Pose uses the aspirations voiced in Paris is Burning to ground the desires of the fictive characters, many influenced by naturalized notions of white success. Pose, however, develops upon these dreams and uses them to build storylines that refute desires for white acceptance, instead displaying the power of strong relationships within their own community. For instance, in season two, Angel, a Black trans woman, is repeatedly courted by ‘Stan,’ her on-again-off-again-white-executive-suburban boyfriend, as he frequently entices her with offers to move in with him. Stan symbolizes her opportunity to be “kept,” and protected from the burdens that come with her identity. After joining a new house and experiencing the support of her community, Angel rejects Stan’s final offer, despite it being a dream that she voiced on previous episodes. With the support of her house, Angel realizes that she does not need a white man to achieve her dreams and shape her world. Pose encapsulates the world parallel to the community documented in Paris is Burning, yet it does so by rejecting the appeal of the “white saviour” and realigning Black ideas of success to favour family and self-love.

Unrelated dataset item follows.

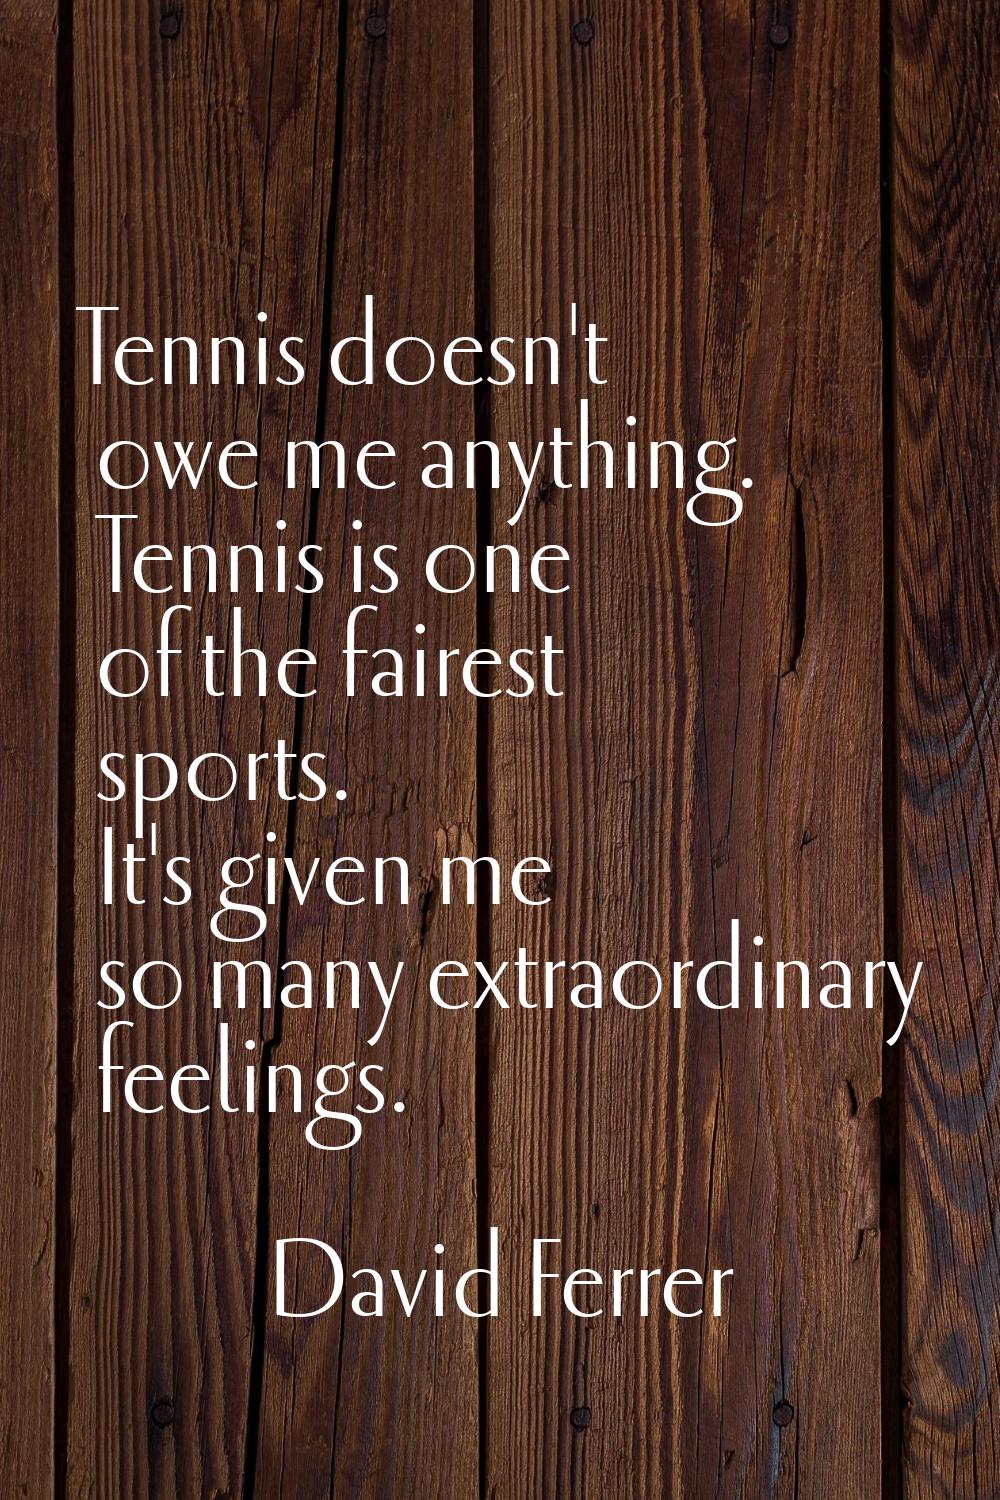 Tennis doesn't owe me anything. Tennis is one of the fairest sports. It's given me so many extraord

Though representations of Harlem’s 1980s’ drag-ball circuit are now largely utilized by the Black community, many artists who use Paris is Burning’s iconography and rhetoric are not LGBTQ+. Music videos produced by celebrities such as Beyonce, Ciara, and Azealia Banks reference the culture documented by Paris is Burning, but do not speak to their appropriation and subsequent popularization of a culture that is not their own. Thus, the drag-ball community is still exploited and used for monetary gain. Moreover, the popular reality series RuPaul’s Drag Race, a TV show hosted by a Black gay man, is heavily modelled on Paris is Burning. RuPaul Charles, the host of Drag Race, however, has made comments that disqualify trans women from his show, thereby undermining the progress Drag Race has made as a popular LGBQT+ TV show.
Pose, although taking leaps and bounds in progress through its advocation for emic Black and Latinx trans and queer representation, is still ultimately produced by Murphy, a white, cisman. Therefore, there is still moves to be made in garnering complete representation for trans and queer people of colour. Wider visibility, however, also heightens the opportunity for audiences to understand that colonialism, racism, and transphobia are forever entwined, enforcing the development of emic representation for trans and queer people of colour.
Bella Silverman is a double major in history and art history at McGill University. Bella’s academic goal is to uncover histories that are normally concealed due to patriarchal structures and the systematic canonization of history.